The three of them gathered at the pyramid. Lindy didn’t look down again, but she rested her hand on the foggy peak. “So, what’s the plan?”
“Kill the invaders,” Cosmo said.
She rolled her eyes to Delta. “So, what’s the plan?”
“We go to the Intergalactic Dating Agency post in Sunset Falls, just a few hours from here. Even though the outpost was shuttered after the scandal with the stolen Earther brides, they’ll still have the infrastructure for defense and communications. We’ll summon the local security contingent and let them know about the unauthorized incursion.”
Cosmo scowled. “When I said kill the invaders, I meant we would kill the invaders,” he clarified. “We don’t need a dating agency, and we definitely don’t need a transgalactic security force who didn’t even notice the problem. We are the CWBOIs.”
Clenching his jaw, Delta countered, “Mach will agree with me. It’s the only way to make sure Lun-mei and Lindy are safe.”
Lindy shook her head. “But if there’s a chance they might try to take the baby if they realize she’s part shroud, then Cosmo is right. This is something we have to do on our own.” She curled her fingers over his forearm. “It’s Amber’s daughter. I can’t let anything happen to her. Or you.” Abruptly, she pulled back.
His nanites were all but gone, his programming in shambles. The true key to activate him was lost, maybe forever. And yet he felt every part of himself ratchet wider to expand the scope of his service beyond her, to her gone wife and soon-to-be daughter, to Sasha, Taylor, and Roxi serving at her ranch.
All of that was beyond him, more than his lesser skills could reasonably defend, but he wouldn’t let that stop him.

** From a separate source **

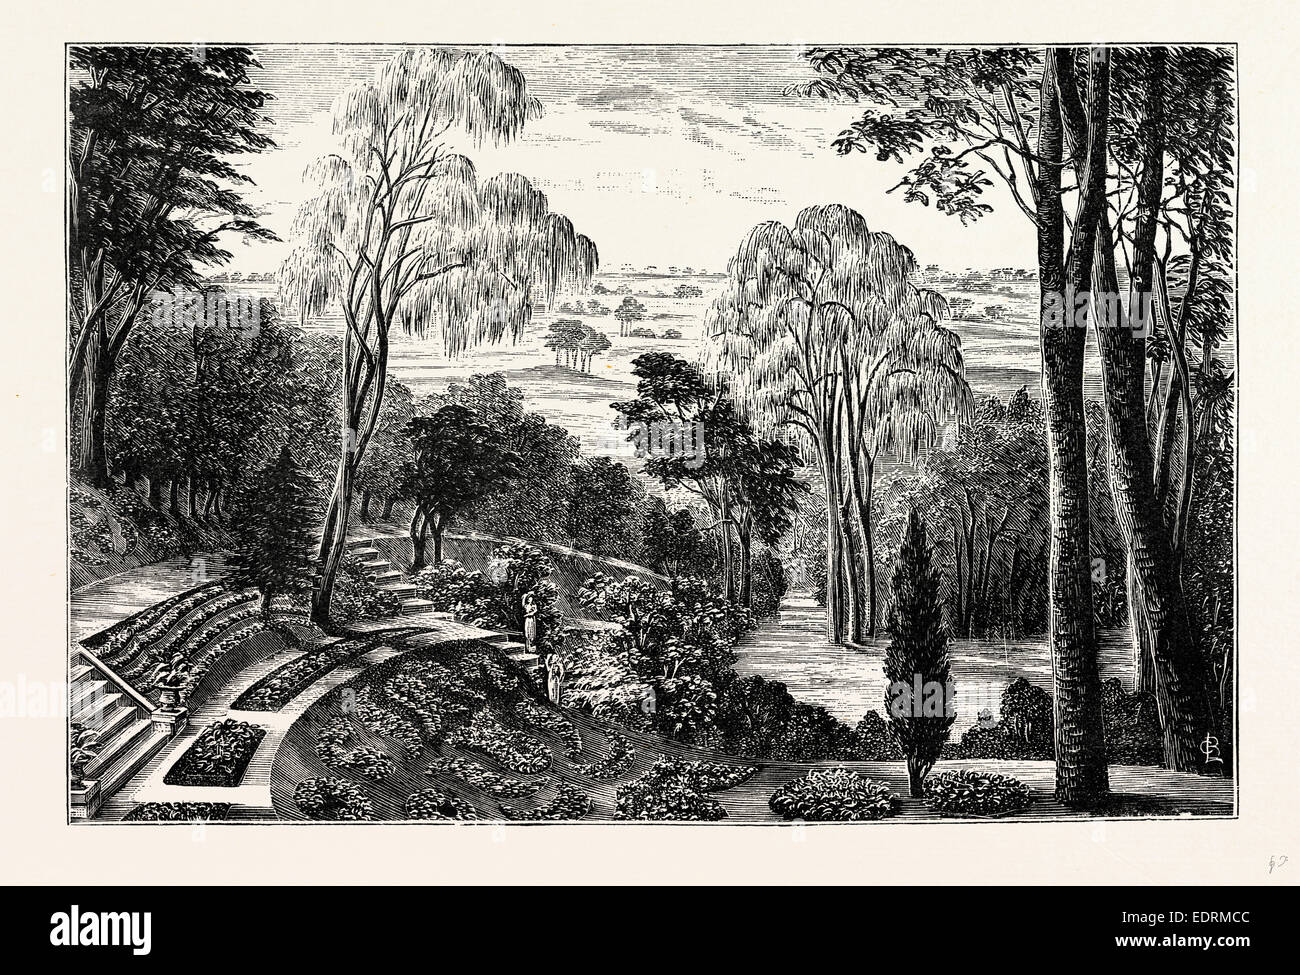 Le jardin de la Duchesse, Château de Belvoir, Royaume-Uni, Angleterre, gravure années 1870, la Grande-Bretagne Banque D'Images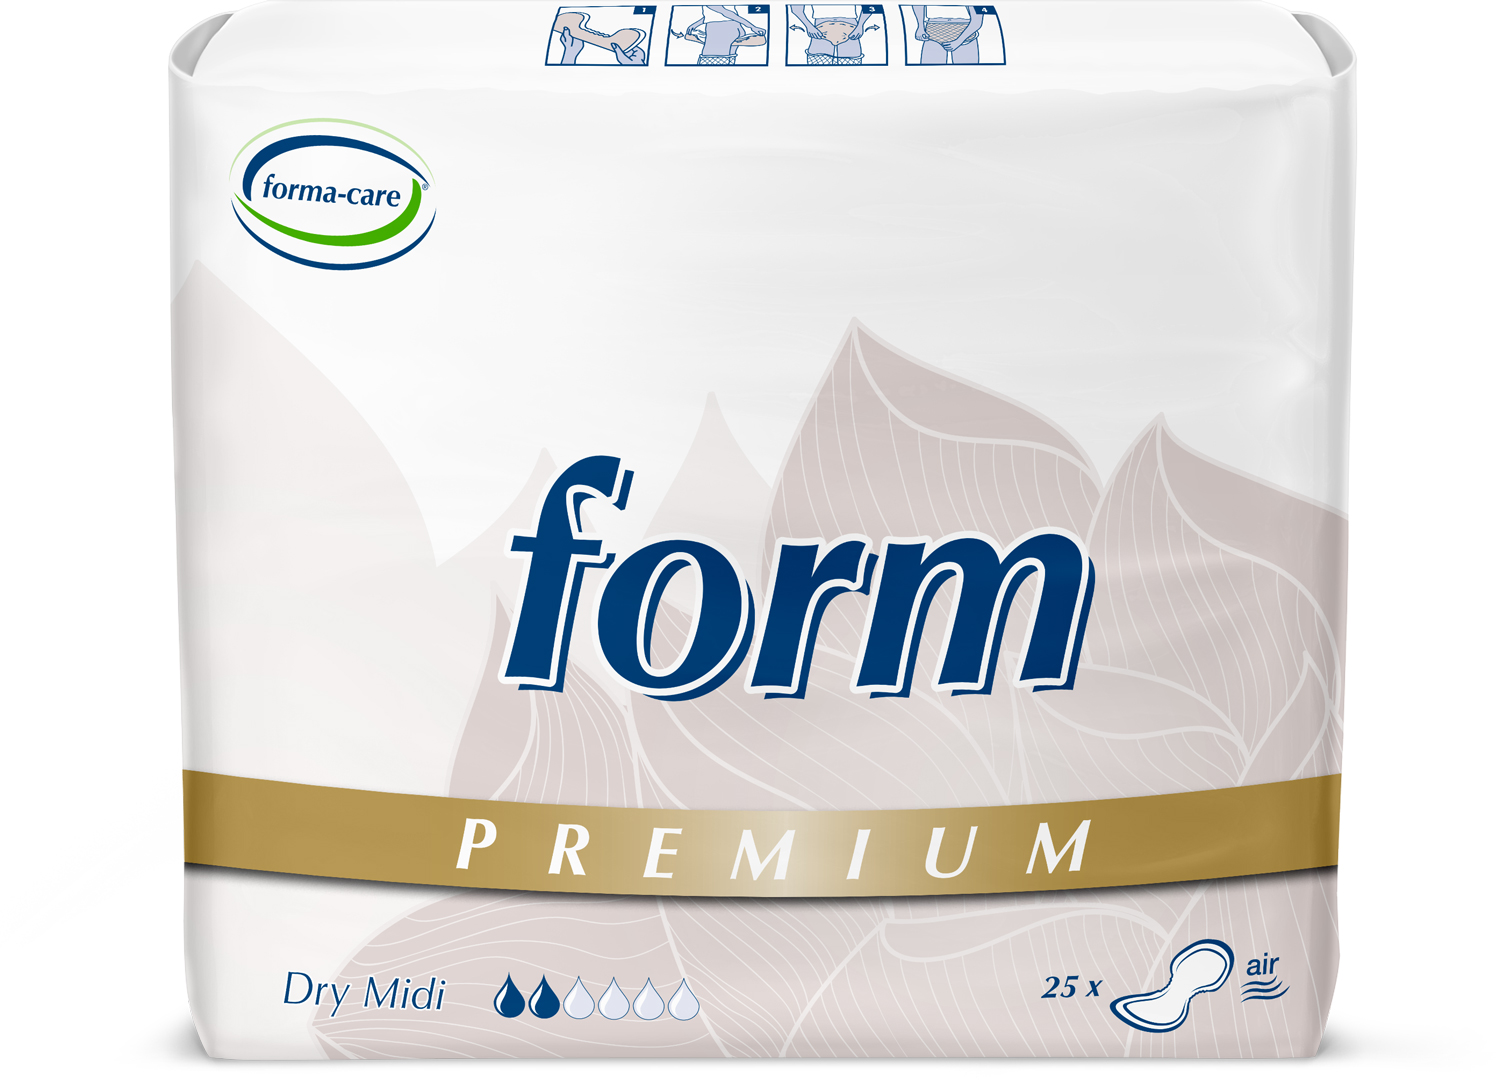 Abbildung eines Beutels der Premium Vorlage forma-care form premium dry, Saugstärke midi

He let out a sharp breath. “We need to get back to the Fallen A and warn Mach. The ship will have a search grid set up from where they took my nanite cloud, and they might feel bold enough in this remote area to leave sensors to keep watch behind them. But they’ll also need to keep a low profile to avoid detection by closed-world planetary services. We need to avoid them and keep them away from any innocents.”
Cosmo grumbled something under his breath but subsided when Lindy slashed a glare his way.
Delta went on. “We need to bring the ship down. We’re lucky they are scavengers and not security, or we’d be worse off. But if any of the crew leave this place, they’ll take word with them that we still exist, unclaimed as far as they know. We’re worth too much and we’re considered too dangerous to leave alone.”
Lindy straightened beside him, her shoulder bumping his arm. “You’re not alone. You have me and the doc.”
“Not much of an army,” Cosmo muttered. “Even with the yurk. Not even if we count the baby.”
“Which we aren’t,” Lindy snapped.
“Should’ve pushed the growth factor harder,” the Omega sighed.
Before Lindy could start the war right here, Delta led them out of the cavern.
He didn’t want to count their army or their chances, not if they were being led by a Delta.